ZFS Drive failed HA didnt migrate

N0_Klu3

Well-Known Member
Mar 8, 2020
37
11
48
40
Hi there,

I have a 3 node PVE cluster with a single ZFS drive on all 3.
I setup replication to run every 2 hours between all 3 nodes.

Today I had a ZFS drive on node1 die, instead of the ct/vm's migrating to other nodes they all just failed.

What is the best way to get them back up and running as their storage is available on the other 2 nodes but I cannot migrate them.

Yes the storage might be an hour or so behind but I can live with that.

Unless I'm missing something, whats the point of replication if HA doesn't kick in?
OR at least allow me to migrate/start them on another node?

Alternate question, would it be better to put ZFS mirror (boot and storage) rather than just a separate boot, and separate ZFS storage?
Next question after this, DRAM-less for ZFS or not?
 
Unless I'm missing something, whats the point of replication if HA doesn't kick in?
HA will migrate Resources when one node is not available anymore. The mechanism behind is "corosync". This mechanism does not watch storage. This leads to the problematic behavior you observed: when "only" storage fails the respective VMs do not migrate.

Alternate question, would it be better to put ZFS mirror (boot and storage) rather than just a separate boot, and separate ZFS storage?
Yes! Always!

ZFS has the capability of "self-healing". For this to function some kind of redundancy has to be present. While RaidZ1/2/3 exists mirrors are recommended to be used in virtualization context.

Actually I drop the classic idea to separate OS+data for redundancy. At least in my Homelab and because of "MiniPC"...

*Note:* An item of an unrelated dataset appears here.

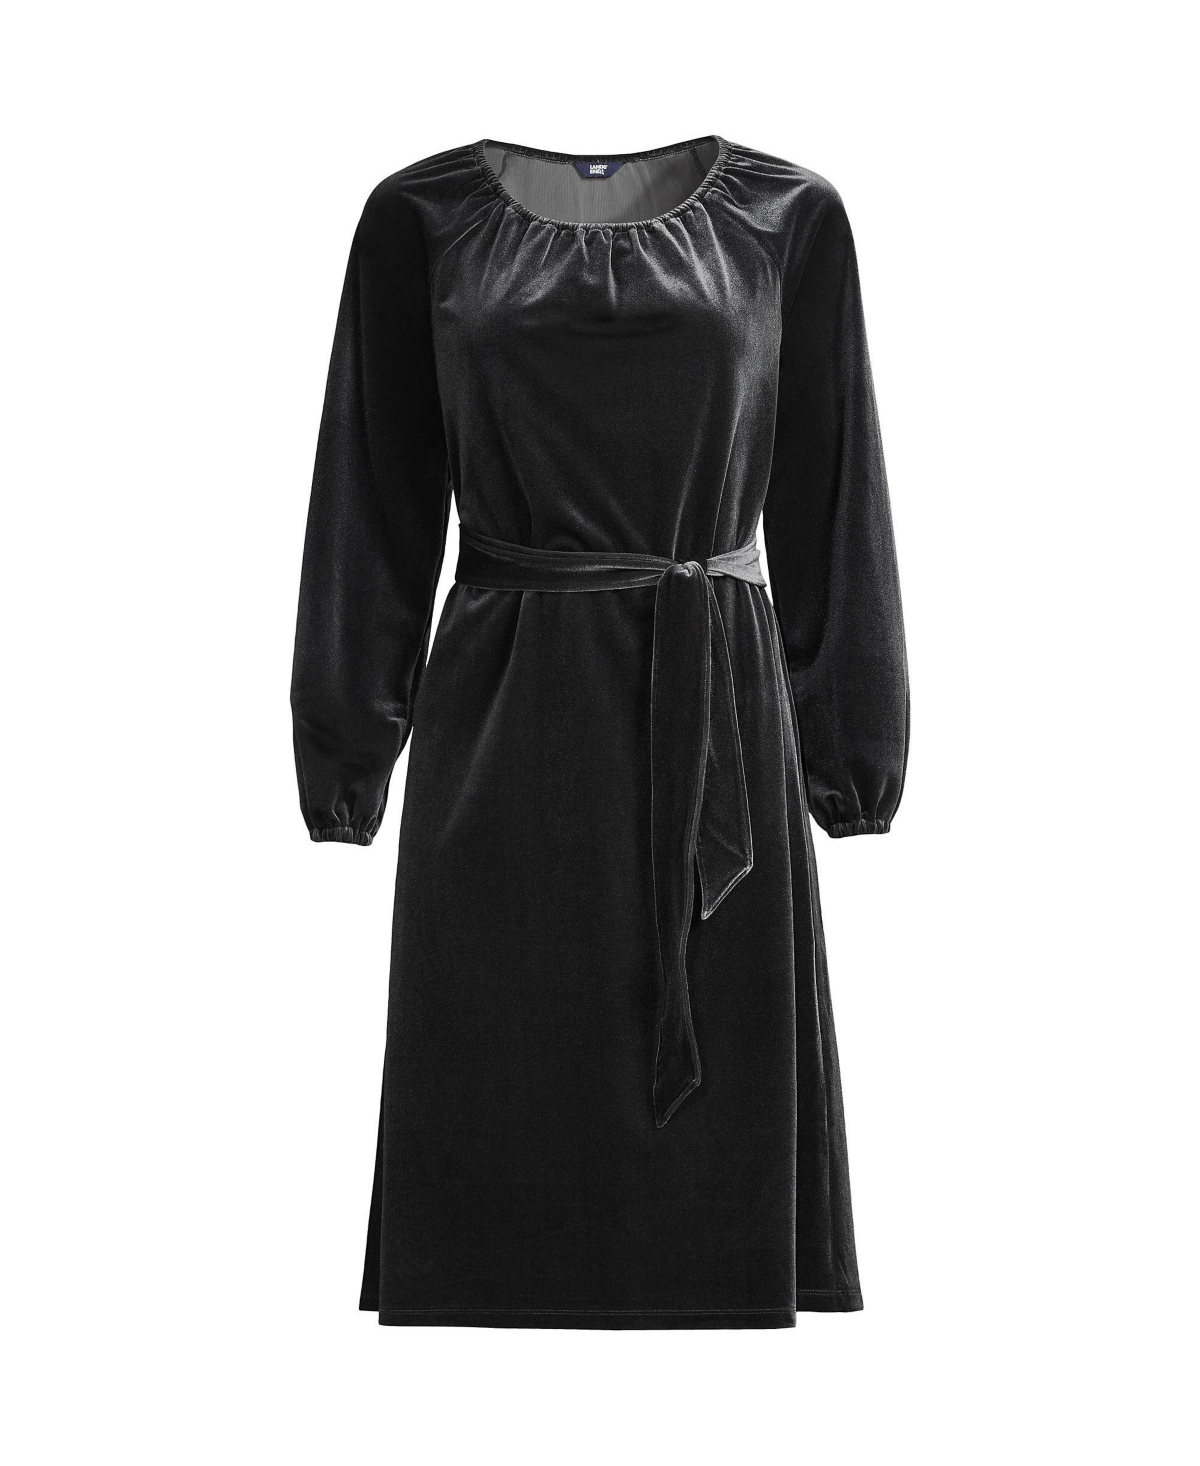 Women's Plus Size Velvet Peasant Knee Length Dress - Black
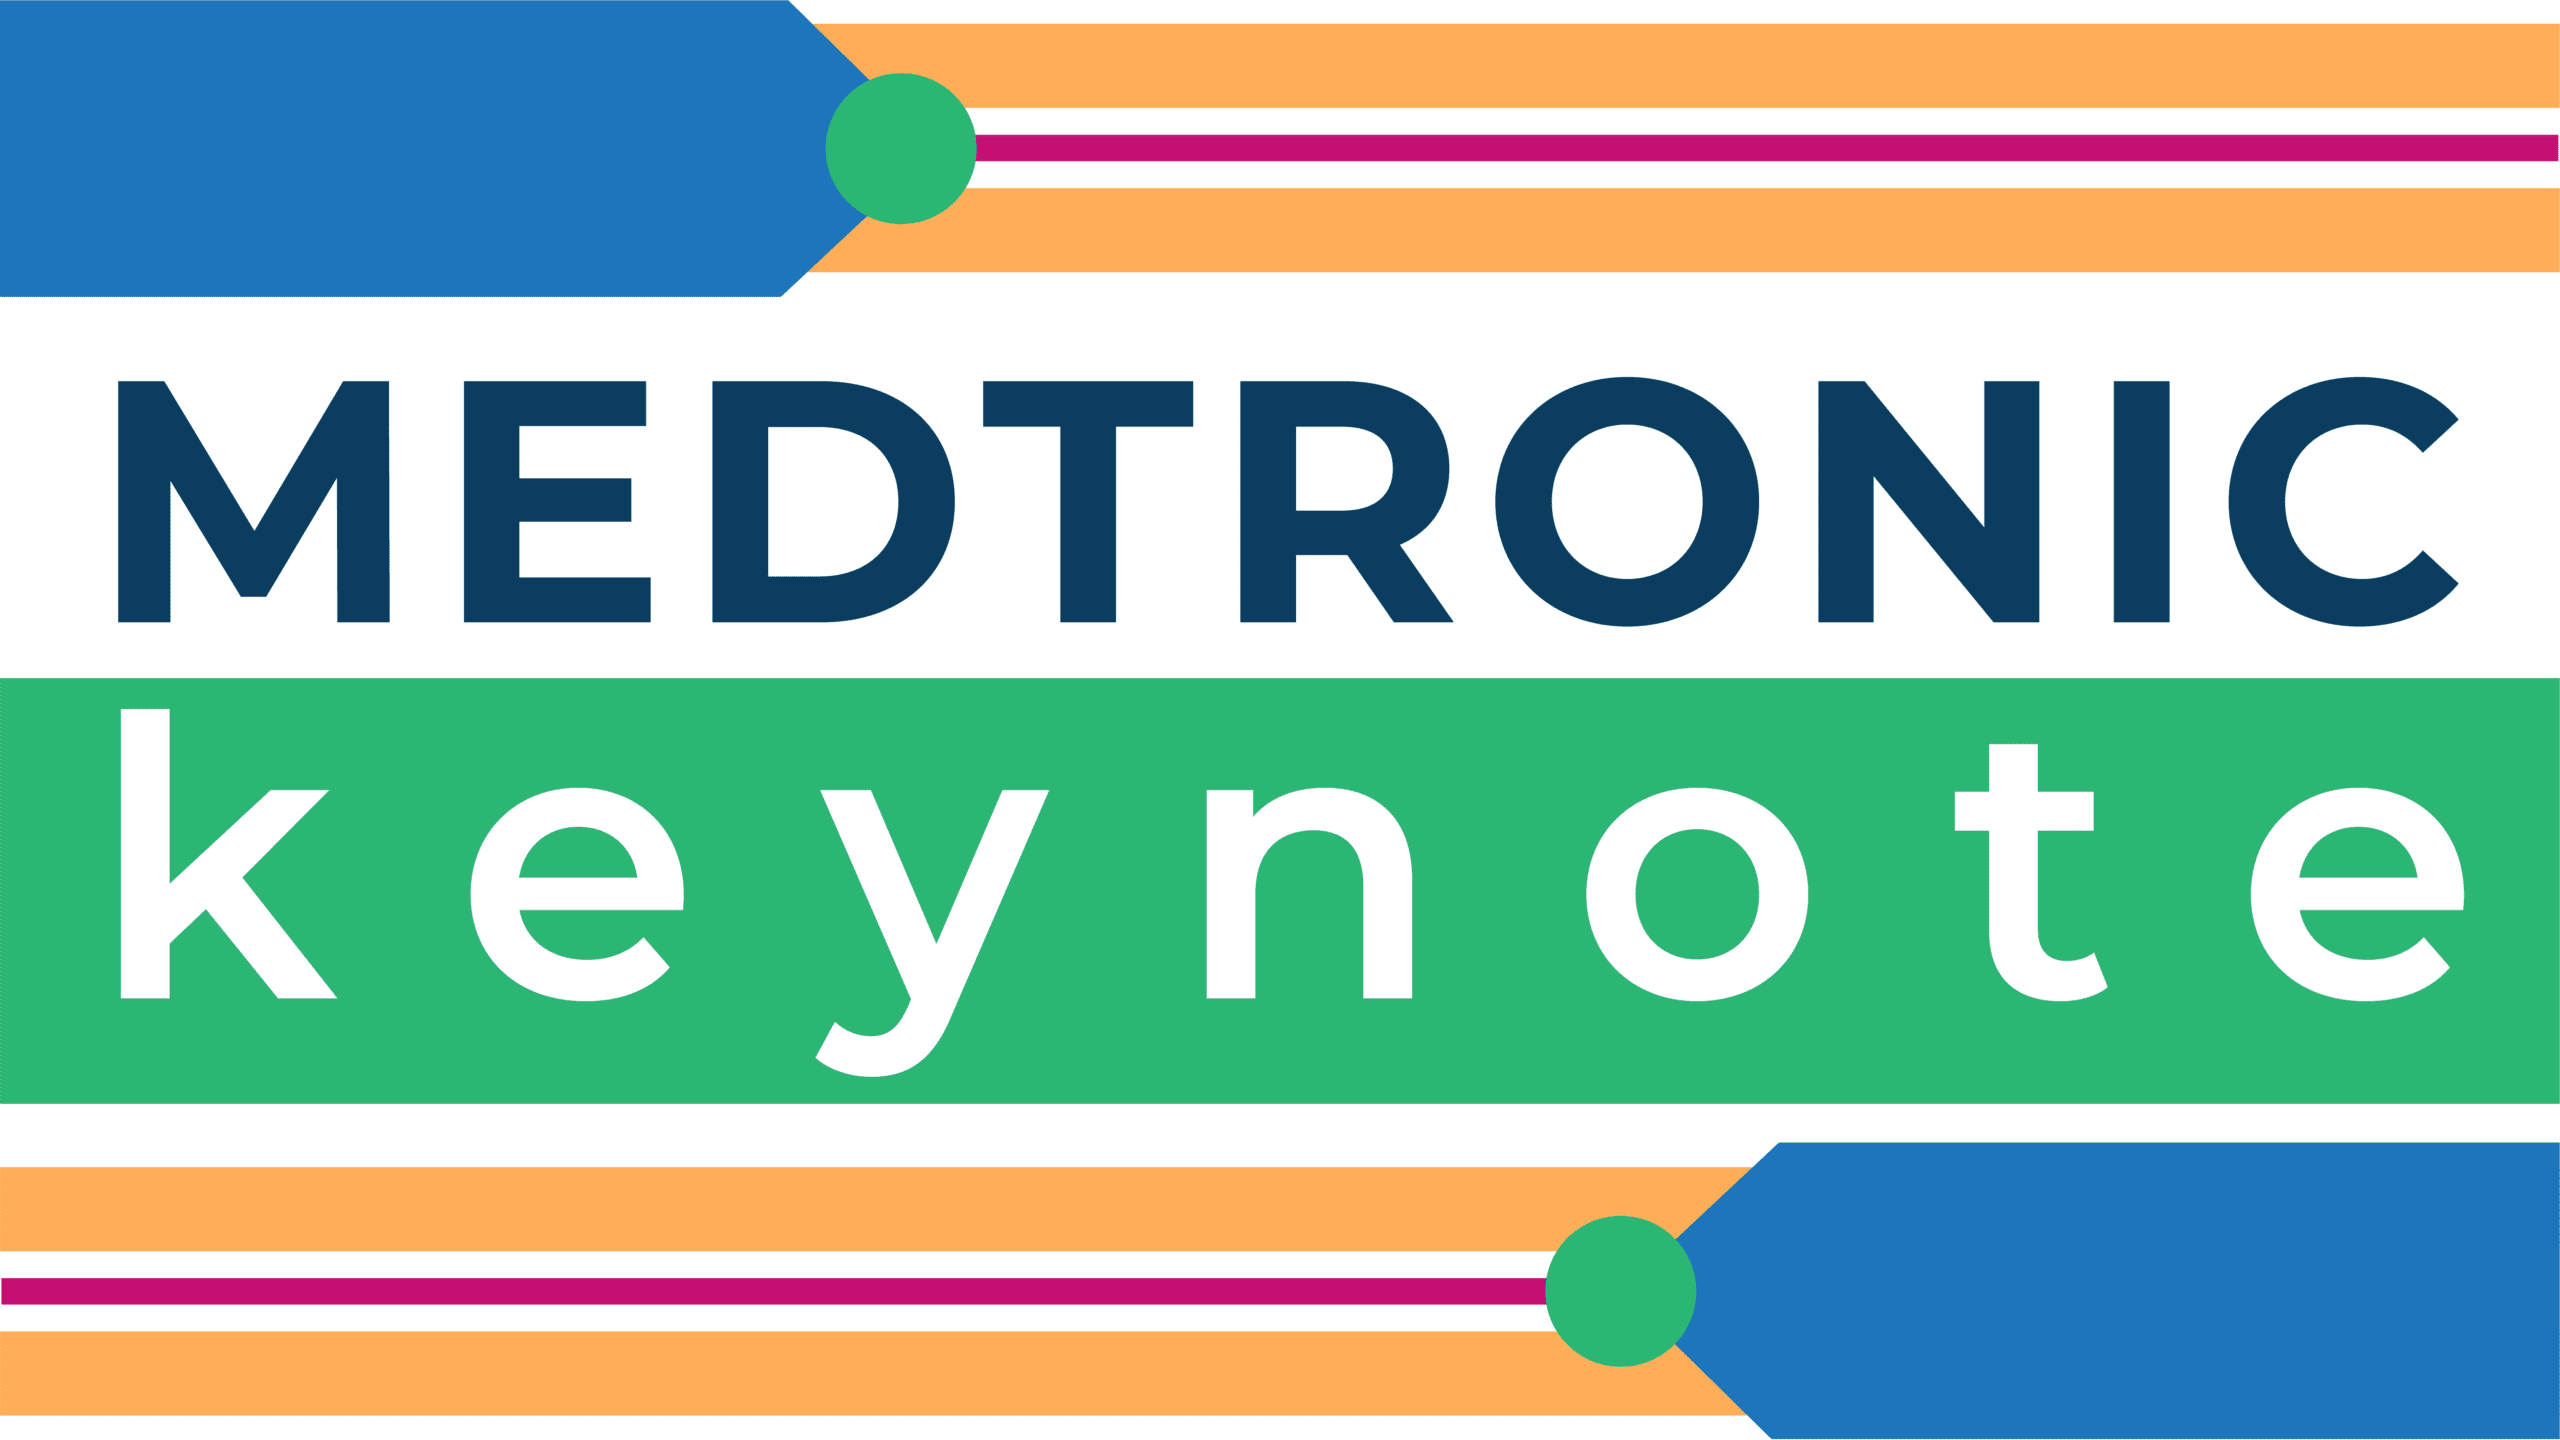 Medtronic keynote

OR at least allow me to migrate/start them on another node?
Actually I do not know the official answer. What I would do is: make sure the dysfunctional VM is actually stopped. Kill it, if necessary. Then move the config file from the problem node to a good one. Something like ~# mv /etc/pve/nodes/<oldnode>/qemu-server/<vmid>.conf /etc/pve/nodes/<newnode>/qemu-server/. Note that you can not copy that file inside /etc/pve/nodes.

Next question after this, DRAM-less for ZFS or not?
All Solid-State drives should be "Enterprise Class" with PLP. This has more than one reason, discussed here multiple times.
 
Last edited:
HA will migrate Resources when one node is not available anymore. The mechanism behind is "corosync". This mechanism does not watch storage. This leads to the problematic behavior you observed: when "only" storage fails the respective VMs do not migrate.


Yes! Always!

ZFS has the capability of "self-healing". For this to function some kind of redundancy has to be present. While RaidZ1/2/3 exists mirrors are recommended to be used in virtualization context.

Actually I drop the classic idea to separate OS+data for redundancy. At least in my Homelab and because of "MiniPC"...


Actually I do not know the official answer. What I would do is: make sure the dysfunctional VM is actually stopped. Kill it, if necessary. Then move the config file from the problem node to a good one. Something like ~# mv /etc/pve/nodes/<oldnode>/qemu-server/<vmid>.conf /etc/pve/nodes/<newnode>/qemu-server/. Note that you can not copy that file inside /etc/pve/nodes.


All Solid-State drives should be "Enterprise Class" with PLP. This has more than one reason, discussed here multiple times.

Thanks, I know about PLP, and I did try to buy a Micron 7400 Pro, which turned out to be fake.
My issue is I only have 2280 slot and 2 of them in my MiniPC.

I will get 2x 2TB on each Node and run ZFS mirror.